On Friday, November 15, 2002, at 03:52 AM, Bertrand Delacretaz wrote:
. . .
What about a UNIX man page
approach to technical docs? For each transformer, gerneator, inputmodule,
etc, have a sinlge man page type document with the technical details,
samples if any, formats, etc.
. . .
Makes at lot of sense. As Cocoon uses many components, it makes sense for
the reference docs to follow the pattern, even more once Blocks are here, as
each Block will need its own modular documentation.
I think a single FileGenerator page, for example, could include information
for both users and developers, assuming a strict page structure (DTD) is
adhered to. The "DTD" of unix man pages is certainly a good starting point
for this.
I don't see how a strict DTD will really produce good doc content. I developed a howto dtd for Forrest (based on document-v11) and ended up leaving many elements optional (based on good advice from Steven and others). I think well-written guidelines and good examples (and editing) are key.

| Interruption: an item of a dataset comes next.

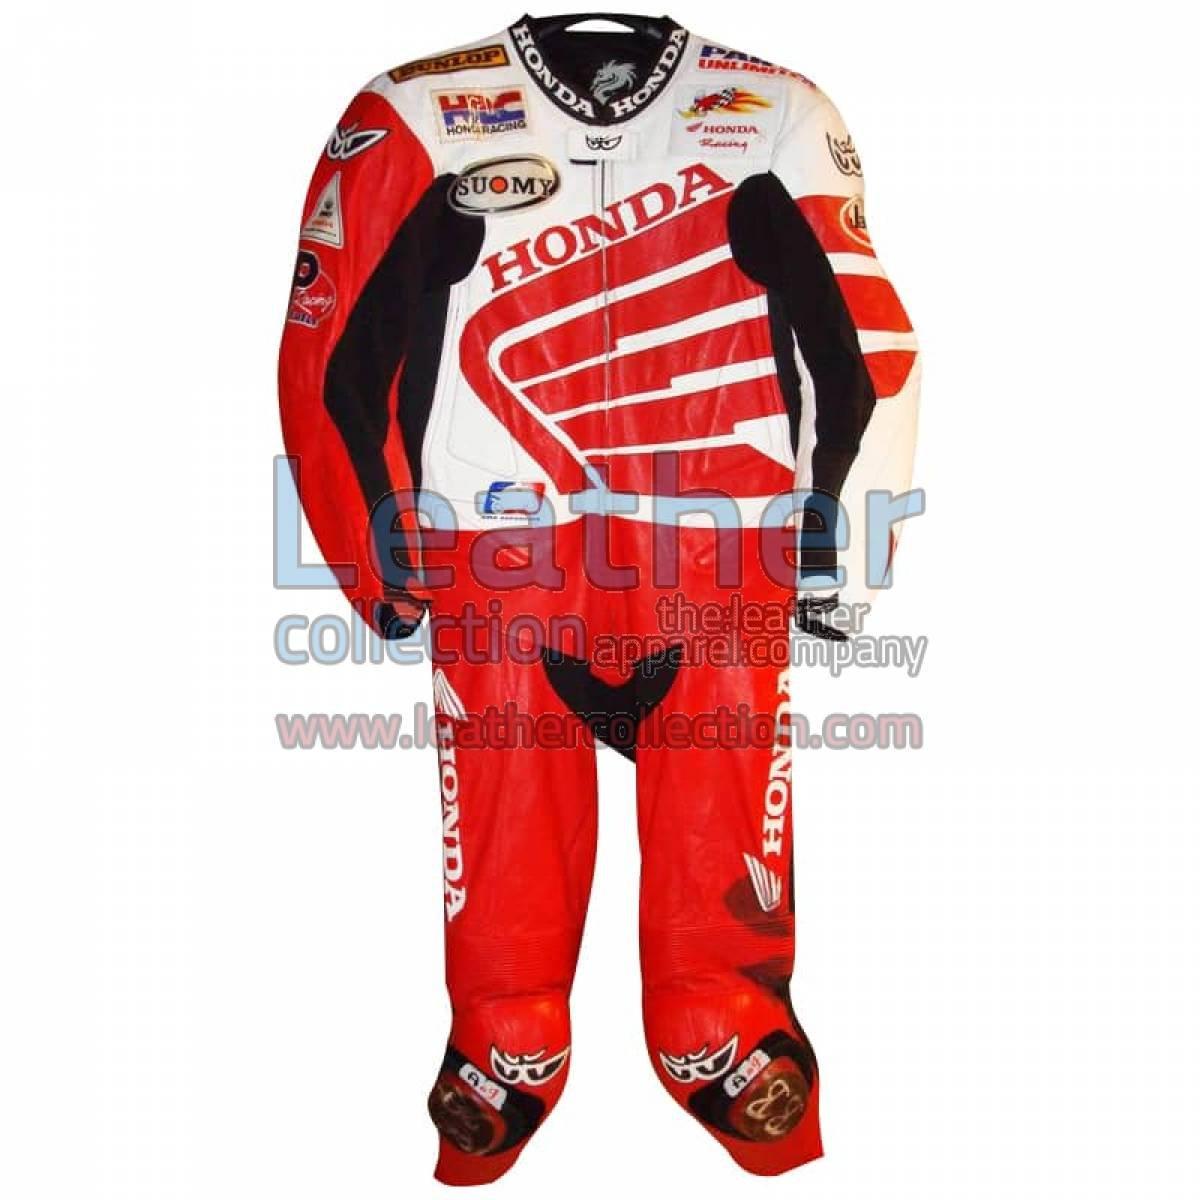 Ben Bostrom American Honda 2004 AMA Leathers

Problem is, do we have the resources for what could be a major restructuring
of the docs, including DTD design? The fairly slow activity on the -docs list
makes me a little wary of starting big documentation projects, as lack of
resources might cause them to fail.
Well, if the effort needed was granular enough, we might get more help/resources. It can be really difficult to write a comprehensive doc about Cocoon because so many concepts/skills are involved. If someone knows a lot about a specific topic (but not necessarily others), they could contribute that content and then a more advanced user could weave them together into meaningful tracks. If we can break it into small pieces, it might happen.